Arts and Cultures - Marriage in Ancient India

Arts and Cultures

Dr Archana Verma


Ancient India gives the most surprising evidences from the past in terms of marriage and social practices. It's a complete reversal of what is known as "traditional" in today's India. It appears as if India has been travelling in reverse direction to the rest of the world.

In the Vedic period, which was the most ancient phase of Indian history about which we have records, couple were enjoined to marry among equals in terms of education, skills and other qualities. Fathers of girls were asked to educate their daughters and to teach them various skills. There was no bride price or dowry. Rather, a groom was enjoined to pay wealth to the bride if he was inferior to her in some way. Both sides of families gave presents to each other, but this was neither bride price nor dowry. 

Girls had rights to inherit property and to manage it on their own. Their husband could not take away their property from them. Further, when a daughter married, her father gave away her share of the inheritance to her which she owned and managed by herself.

At the time of the wedding, the groom had to accept to fulfil some conditions.
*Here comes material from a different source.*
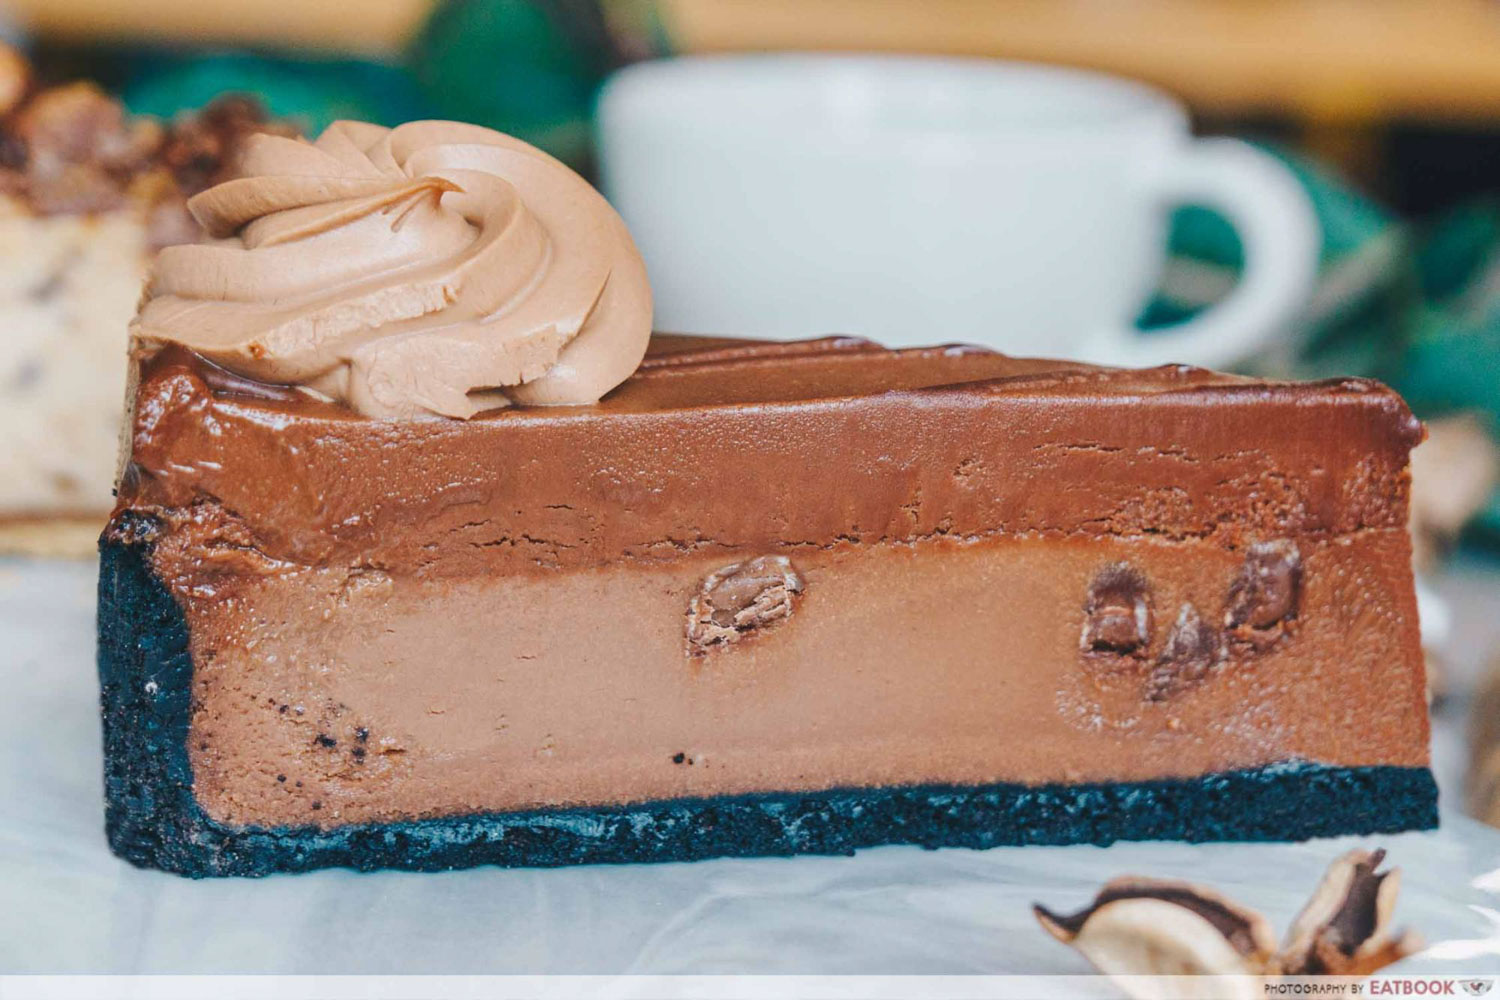 Beverly Hills Cheesecake - Godiva Double Chocolate Cheesecake Closeup

Only if he consented to these conditions, did the woman become his wife. These included sharing his life's happiness, prosperity, wealth and all matters with her, asking for her advice before disposing off property or making any important decision about wealth, household or work, never mistreat her, always treat er with respect, making efforts to keep her happy and so on.
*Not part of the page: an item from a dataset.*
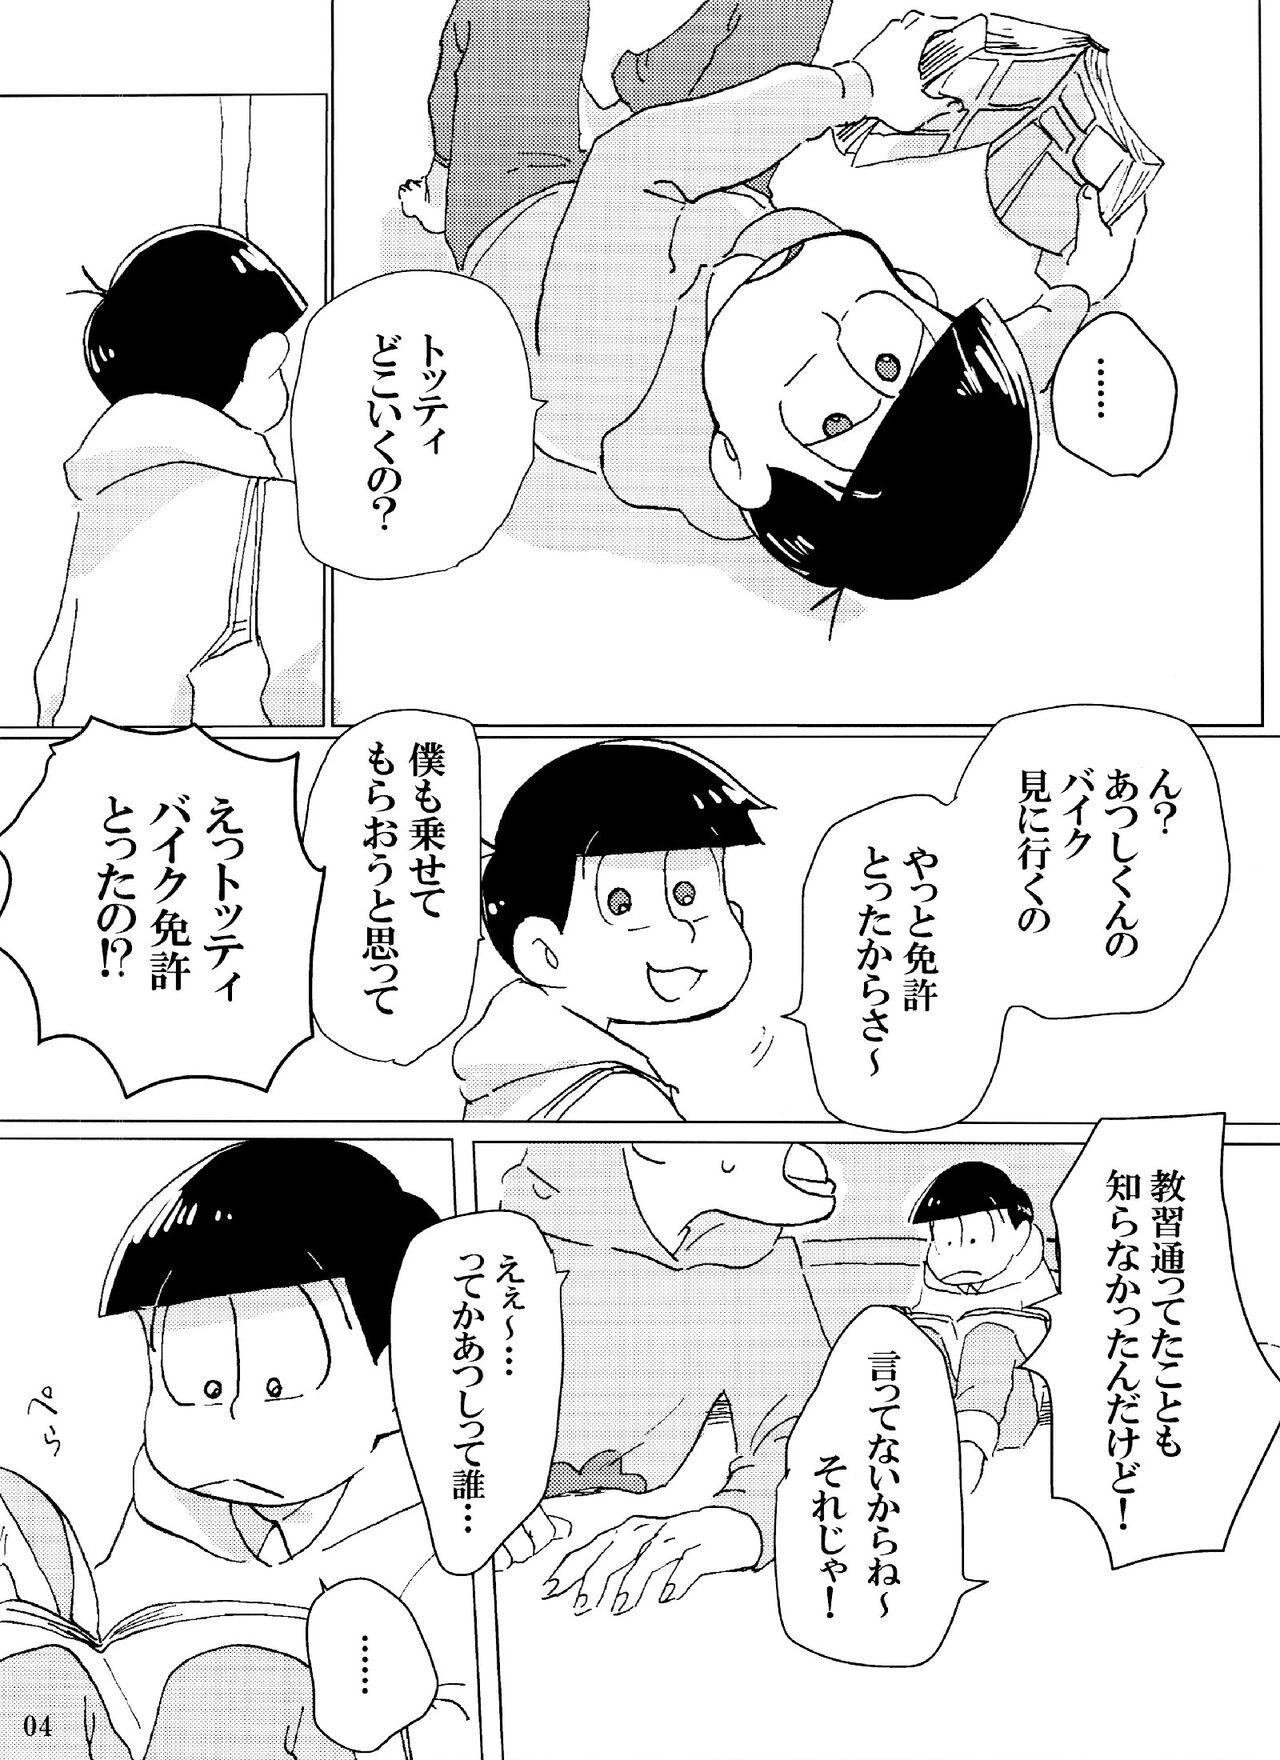 Bigbutt Baka to shiko matsu ga ma guwa u hanashi - Osomatsu san Old Young - Page 4

Quite contrary to today's Indian society, majority of references in ancient Indian literature are of women finding their own husband, rejecting a suitor if they didn't like them, approaching men for marriage on their own and even getting married to them without parental permission and living with them. In some cases, a wedding ceremony was not observed and the couple began to live together. However, in most cases, wedding ceremony was observed. Father's consent was not essential to getting married. Usually, a couple decided to get married and informed their parents of their decision. Parents then organised their wedding ceremony. There do not seem to be many references of arranged marriages in entire vast corpus of ancient Indian literature.

Manusmriti datable to 3rd century BCE to 4th century CE - which is quite a late period by the standards of Indian historical timeline - talks about 8 forms of marriages which include arranged marriage, marriage by purchasing the bride, marriage by abduction and so on, in addition to marriage by choosing one's spouse by oneself. However, this reference seems to be more the imagination of the writer of this text than a realistic description, as there's not much corroborative evidence to support this list. Further, one must remember an important aspect while reading ancient Indian literature - although India has many so-called "prescriptive texts" from the ancient period, none of these texts was mandatory upon the society to follow. At best, these are thoughts of scholars of their age and any other scholar could refute anything written in older text and compose a new text. The society was not expected to follow any of these texts and they were never followed to the letter by the society. 

The entire corpus of ancient Indian literature, going back to thousands of years, talks about women independently choosing their husband, without their parents playing any role in them. This includes Hindu, Buddhist, Jain literature.

Marriage had to be fixed with a person of equal qualities who was not related by blood to the woman. Usually, marriage within one's own blood line, even if removed by several generations, was not regarded as valid. A custom evolved by which professional genealogy writers used to maintain records of families, so that parents could check these records to ensure that the couple didn't have any blood relation. In some small groups, mostly in South India, marriage to a cousin or a maternal uncle was allowed. This seems to have been a practice coming from other cultures with which India was always in contact and such groups were small in number.

The marriage of royal women had a distinct pattern. The king set a contest which the potential royal suitors from other kingdoms had to pass in order to qualify to get married to the princess. However, if the princess didn't like the victor, she could still refuse to get married to him. If she had chosen someone else, she could tell her father about it and usually she could approach the prince whom she had chosen.

Alternatively, the king invited all the princes from other kingdoms and they were seated in a royal assembly. The princess came to the assembly with a garland in her hands. Her maid went around with her and introduced all the princes, describing their lineages, their wealth and power, their educational qualifications, their warfare skills and so on. The princess decided whom she wanted to marry and presented the garland to that prince. 

Ancient India had no practice of veiling of women. We have no reference to veiled women in art or literature from ancient India. Rather, women wore transparent fabric which was highly valued and they may not have worn a tunic over the top half of their body, as is suggested by the innumerable sculptures and paintings from ancient India and also by the descriptions in the ancient literature. Women went out and freely moved around in public without any restrictions. Women were often skilled in dance, music and singing, quite contrary to the more recent centuries, when these became professions of the courtesans.

When and how all this was overturned and arranged marriage, veiling of the bride and forced dowry became the norm in India, is a subject of in-depth research. These were certainly not prevalent practices in ancient India. There's nothing traditional about these so-called "traditional" practices in India.